The Communist Party of India (Marxist) [CPI(M)] held out an olive branch to the Communist Party of India (CPI) on Saturday, after the latter accused the government of “whimsically” inking a Memorandum of Understanding (MoU) with the Central government to secure the PM-SHRI federal allocation for school education, sans consultation with the cabinet or the Left Democratic Front (LDF).
General Education Minister V Sivankutty, who authorised the controversial Central-State accord, called on CPI State Secretary Binoy Viswam at the party’s headquarters at M N Smarakam in Thiruvananthapuram to clarify matters. He later told reporters that the talks were cordial and had helped clear the air.
On Wednesday, CPI State Secretary Binoy Viswam sparked a fraught phase in coalition relations by publicly chastising the government for “surreptitiously” signing the agreement, which, he stated, undermined the Left’s national resistance to the Rashtriya Swayamsevak Sangh’s (RSS) insidious bid to saffronise schooling.

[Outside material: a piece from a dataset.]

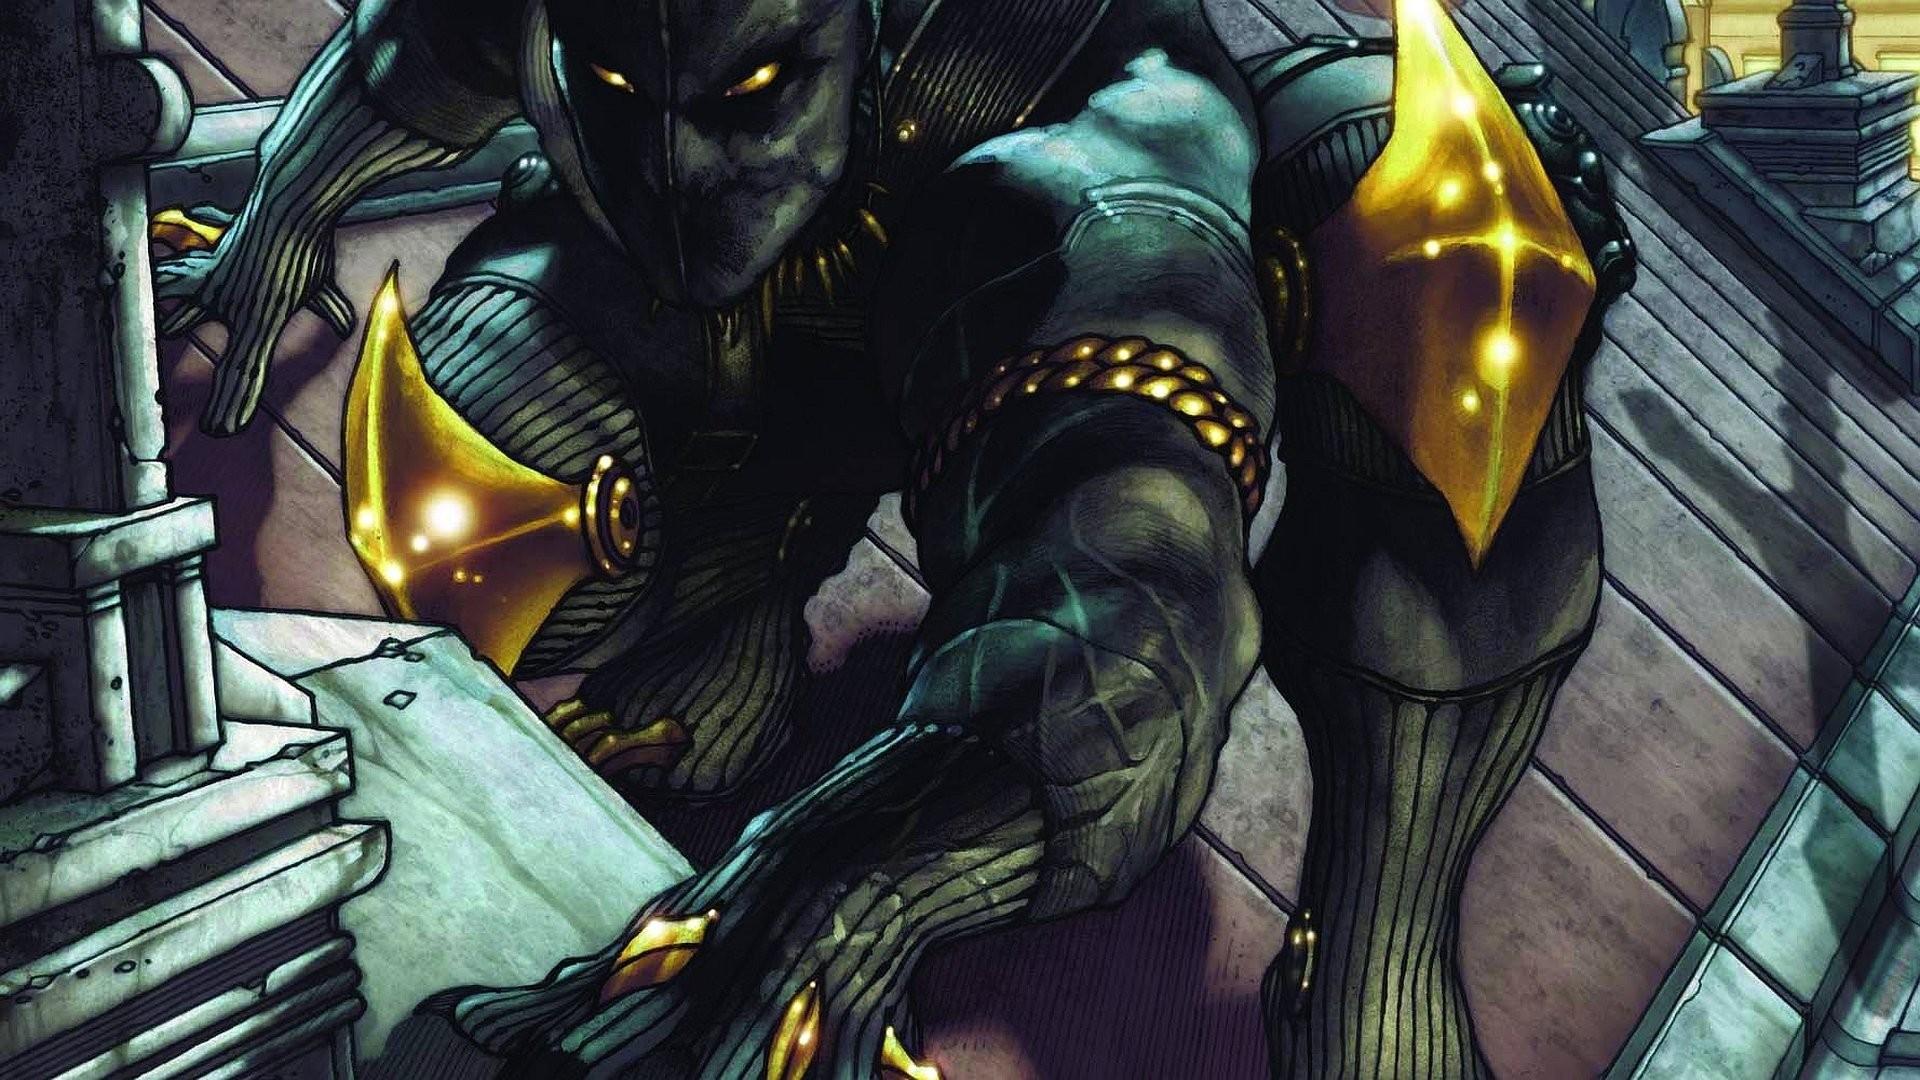 Comics – Black Panther Black Panther (Marvel) Wallpaper

Mr Viswam said Kerala had taken the Centre’s bait linking the release of PM-SHRI funds to compliance with the “RSS-inspired” New Education Policy (NEP).

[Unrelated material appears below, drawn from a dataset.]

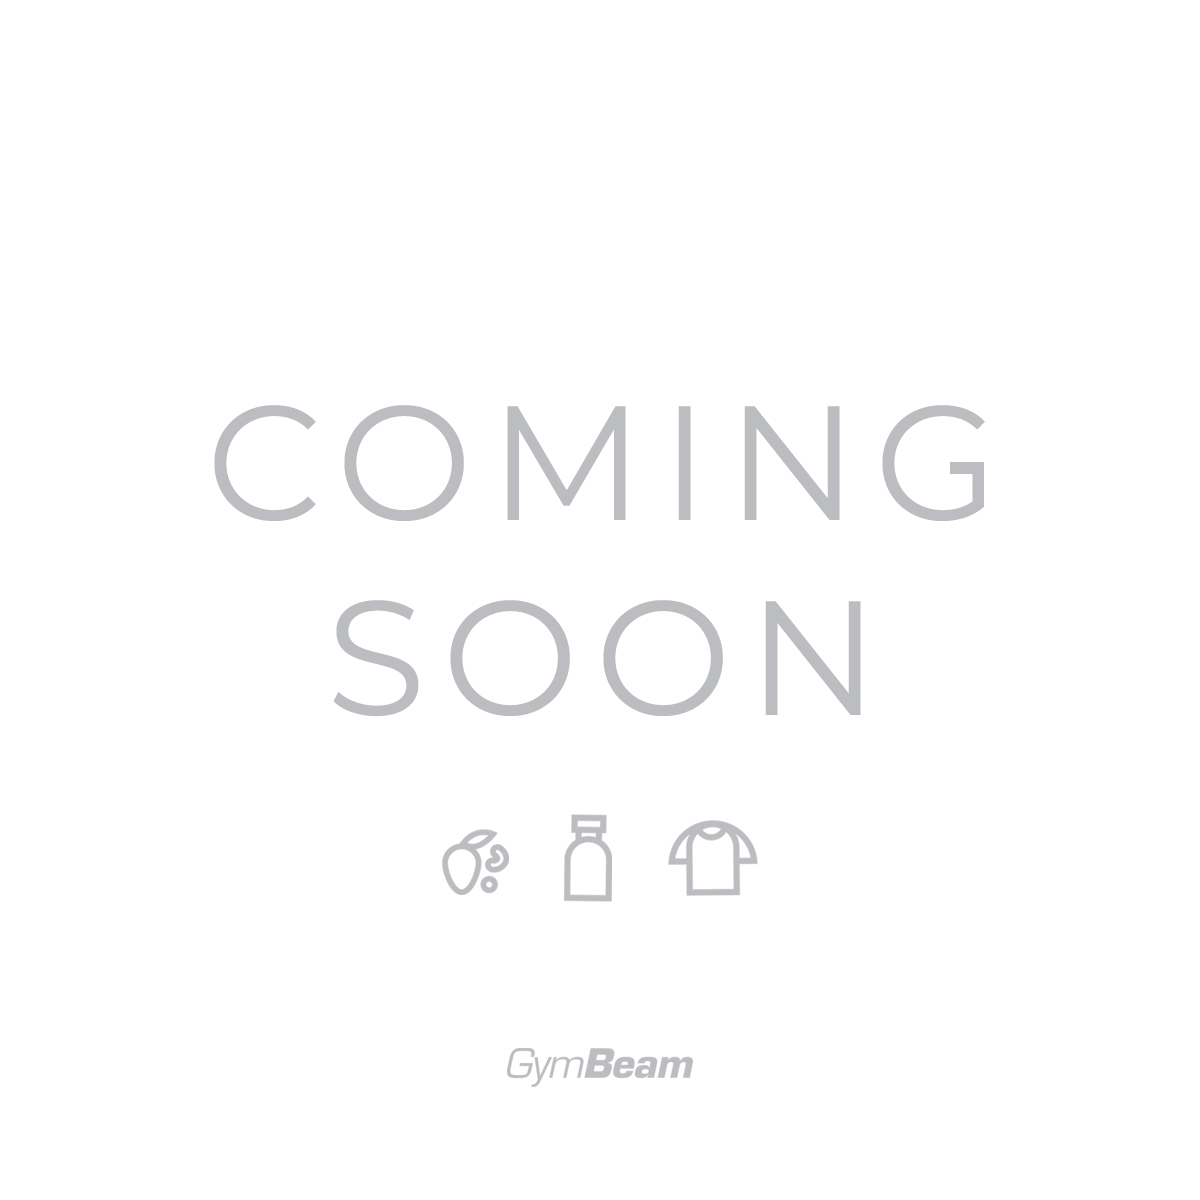 Predtréningový stimulant The Curse

Mr Viswam dashed off a protest letter to the LDF convenor, T.P. Ramakrishnan, and other allies, expressing the CPI’s deep anguish over the “breach of coalition propriety and the cabinet’s collective responsibility”.
CPI(M) stance
Former Law Minister and CPI(M) leader told reporters in Palakkad that the cabinet had signed comparable MoUs to secure federal grants the Centre owed Kerala in the Health, Agriculture and Higher Education Sectors with the CPI’s concurrence.
He said a certain amount of flexibility was inevitable in Central-State relations. Kerala accepted Central funding for Health, Higher Education, and Agriculture without agreeing to any conditions that the State believed would advance the RSS agenda or undermine federalism, he said.
For one, Mr Balan said, the Central government had insisted that the State display the Prime Minister’s image and the Central government’s emblem in hospitals funded by the federal government. “We agreed to place the Central government symbol and not the PM’s photograph and still got the funds”, he said.
NCERT gambit
Comparably, Mr Balan said, Kerala defeated NCERT’s gambit to saffronise education by removing the Gandhi Assassination and Mughal rule from history textbooks. “Kerala published new textbooks, which preserved the deleted chapters”, he added.
Mr Balan said Mr Sivankutty had followed the cabinet’s established tack in getting federal funding without compromising the LDF’s political and ideological line.
“Mr Sivankutty upheld the interests of 40 lakh students in the State. “Kerala needs the sizeable federal allocation, an estimated R 1,446 crores, for modernising classrooms, distributing lump sum grants to needy students, paying 7000-odd teachers, procuring the latest learning aids, including computers and state-of-the-art laboratories”, he said.
Mr Balan said the MoU was not the last word in the LDF. “The LDF will discuss the matter threadbare, address the concerns of the allies and arrive at a consensus before moving ahead”, he added.